As in Example 9 of Section 2.1, consider a “mini-Web” with only three pages, labeled 1, 2, and 3. Initially there is an equal number of surfers on each page, meaning that the initial distribution vector is
\vec{x}_0=\begin{bmatrix}1/3\\1/3\\1/3\end{bmatrix}.
At the blow of a whistle, some surfers will move on to a different page, in a way described by the transition matrix
A=\begin{bmatrix}0.7&0.1&0.2\\0.2&0.4&0.2\\0.1&0.5&0.6\end{bmatrix}.
For example, the entries of the first column of A tell us that 20% of those who are initially on Page 1 will move to Page 2, while 10% will move to Page 3 and 70% will stay on Page 1. (These are not the rules of transition we considered when defining PageRank.)
We can represent the rules of transition in a diagram:
After one transition, the distribution of the surfers will be
A\vec{x}_0=\begin{bmatrix}1/3\\4/15\\2/5\end{bmatrix}≈\begin{bmatrix}0.333\\0.267\\0.4\end{bmatrix}.
If we iterate this transition t times, the final distribution will be A^t\vec{x}_0.
a.

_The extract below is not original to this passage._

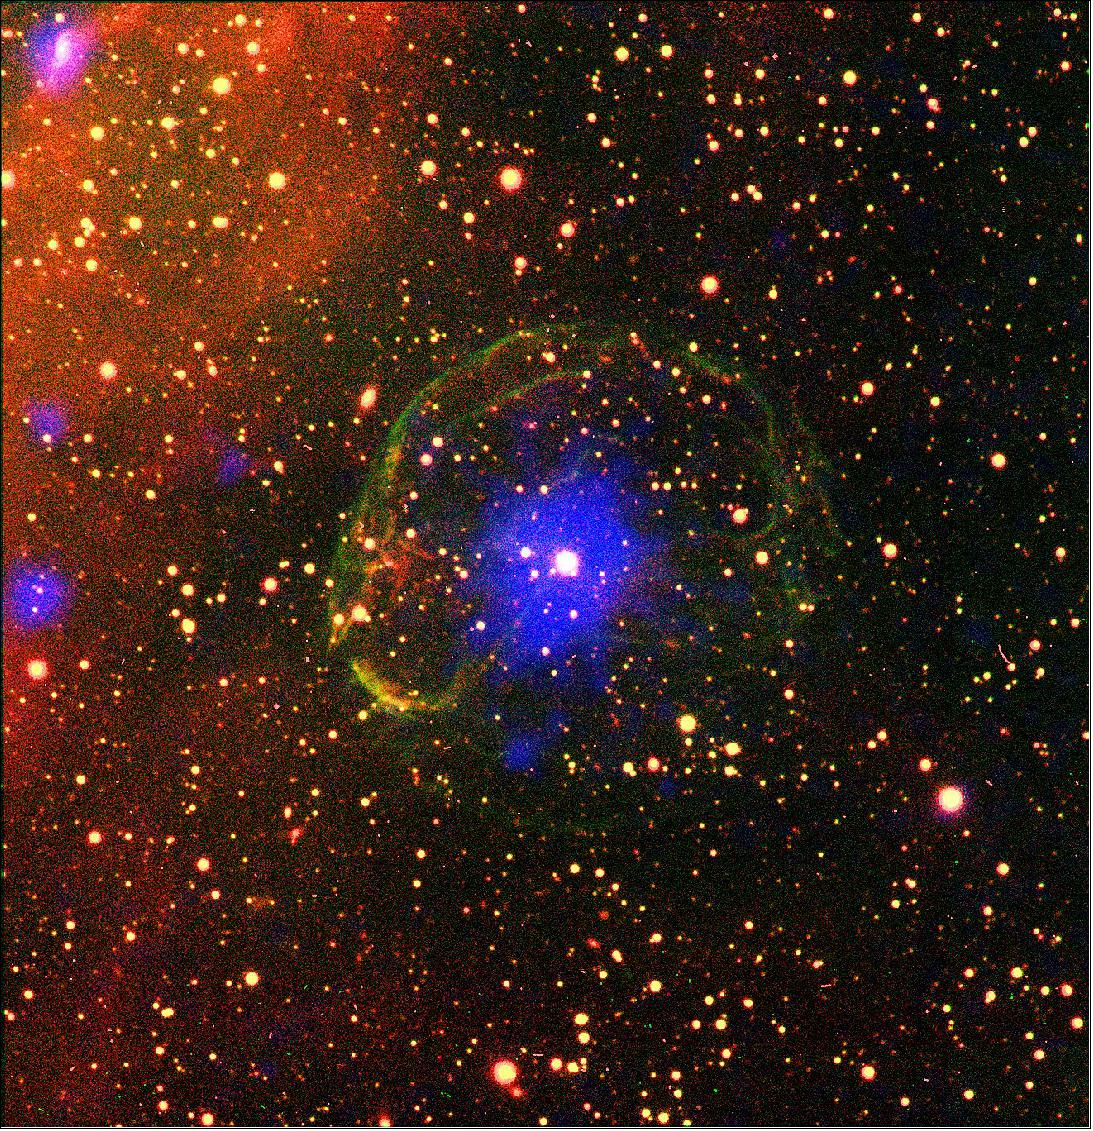 Figure 126: This image is a composite view of the newly discovered X-ray pulsar SXP 1062 still embedded in the remnant of the supernova that created it. SXP 1062 accretes mass from its stellar companion, a massive, hot, blue 'Be' star, the two objects forming a Be/X-ray binary [image credit: ESA/XMM-Newton/L. Oskinova, University of Potsdam, Germany/M. Guerrero, Instituto de Astrofisica de Andalucia, Spain (X-ray); Cerro Tololo Inter-American Observatory/R. Gruendl & Y. H. Chu, University of Illinois at Urbana-Champaign, USA (optical)]

Find a closed formula for A^t\vec{x}_0, expressing the vector A^t\vec{x}_0 as a function of t.
b. What happens in the long run? Find \lim\limits_{t \to \infty} A^t\vec{x}_0 if it exists.
a. Following the strategy outlined in Theorem 7.1.6, we wish to construct an eigenbasis for A. Using technology, we find the eigenvalues λ_1 = 1, λ_2 = 0.5, and λ_3 = 0.2 of A. At this point, we know that matrix A is diagonalizable, by Theorem 7.3.4.
A straightforward but tedious computation, involving nothing more than finding some reduced row-echelon forms, reveals that
E_1 = span\begin{bmatrix}7\\5\\8\end{bmatrix}, E_0.5 = span\begin{bmatrix}1\\0\\-1\end{bmatrix}, E_0.2 = span\begin{bmatrix}-1\\3\\4\end{bmatrix}.
Thus, we have the eigenbasis \vec{v}_1=\begin{bmatrix}7\\5\\8\end{bmatrix}, \begin{bmatrix}1\\0\\-1\end{bmatrix}, \begin{bmatrix}-1\\-3\\4\end{bmatrix}.
Next we need to find the coordinates c_1, c_2, c_3 of the initial state vector \vec{x}_0 with respect to the given eigenbasis \vec{v}_1, \vec{v}_2, \vec{v}_3. It turns out that
\vec{x}_0 = c_1\vec{v}_1 + c_2\vec{v}_2 + c_3\vec{v}_3 = \frac{1}{20}\vec{v}_1 − \frac{2}{45}\vec{v}_2 − \frac{1}{36}\vec{v}_3.
Using the formula derived in Theorem 7.1.6, we have
A^t\vec{x}_0=c_1λ^t_1\vec{v}_1+c_2λ^t\vec{v}_2+c_3λ^t_3\vec{v}_3
=\frac{1}{20}\begin{bmatrix}7\\5\\8\end{bmatrix}-\frac{2}{45}(0.5)^t\begin{bmatrix}1\\0\\-1\end{bmatrix}-\frac{1}{36}(0.2)^t\begin{bmatrix}-1\\-3\\4\end{bmatrix}.
For example, the proportion of surfers on Page 1 after t iterations will be
\frac{7}{20}-\frac{2}{45}(0.5)^t+\frac{1}{36}(0.2)^t.
In the long run, as we let t go to infinity, this proportion will approach \frac{7}{20} =35%, since the other two terms, \frac{2}{45}(0.5)^t and \frac{1}{36} (0.2)^t , decay exponentially.
b. \lim\limits_{t \to \infty}(A^t \vec{x}_0) = \frac{1}{20}\begin{bmatrix}7\\5\\8\end{bmatrix}=\begin{bmatrix}35\%\\25\%\\40\%\end{bmatrix}, since the other two terms go to \vec{0}. See our work at the end of part a. In the long run, the proportions of surfers on the three pages will approach 35%, 25%, and 40%, respectively. Note that this limit is the unique distribution vector that is an eigenvector of A with eigenvalue 1. With the terminology of Theorem 2.3.11, this is the equilibrium distribution for A.
\vec{x}_equ=\frac{1}{20}\begin{bmatrix}7\\5\\8\end{bmatrix}.
In summary, \lim\limits_{t \to \infty} (A^t\vec{x}_0)=\vec{x}_{equ}.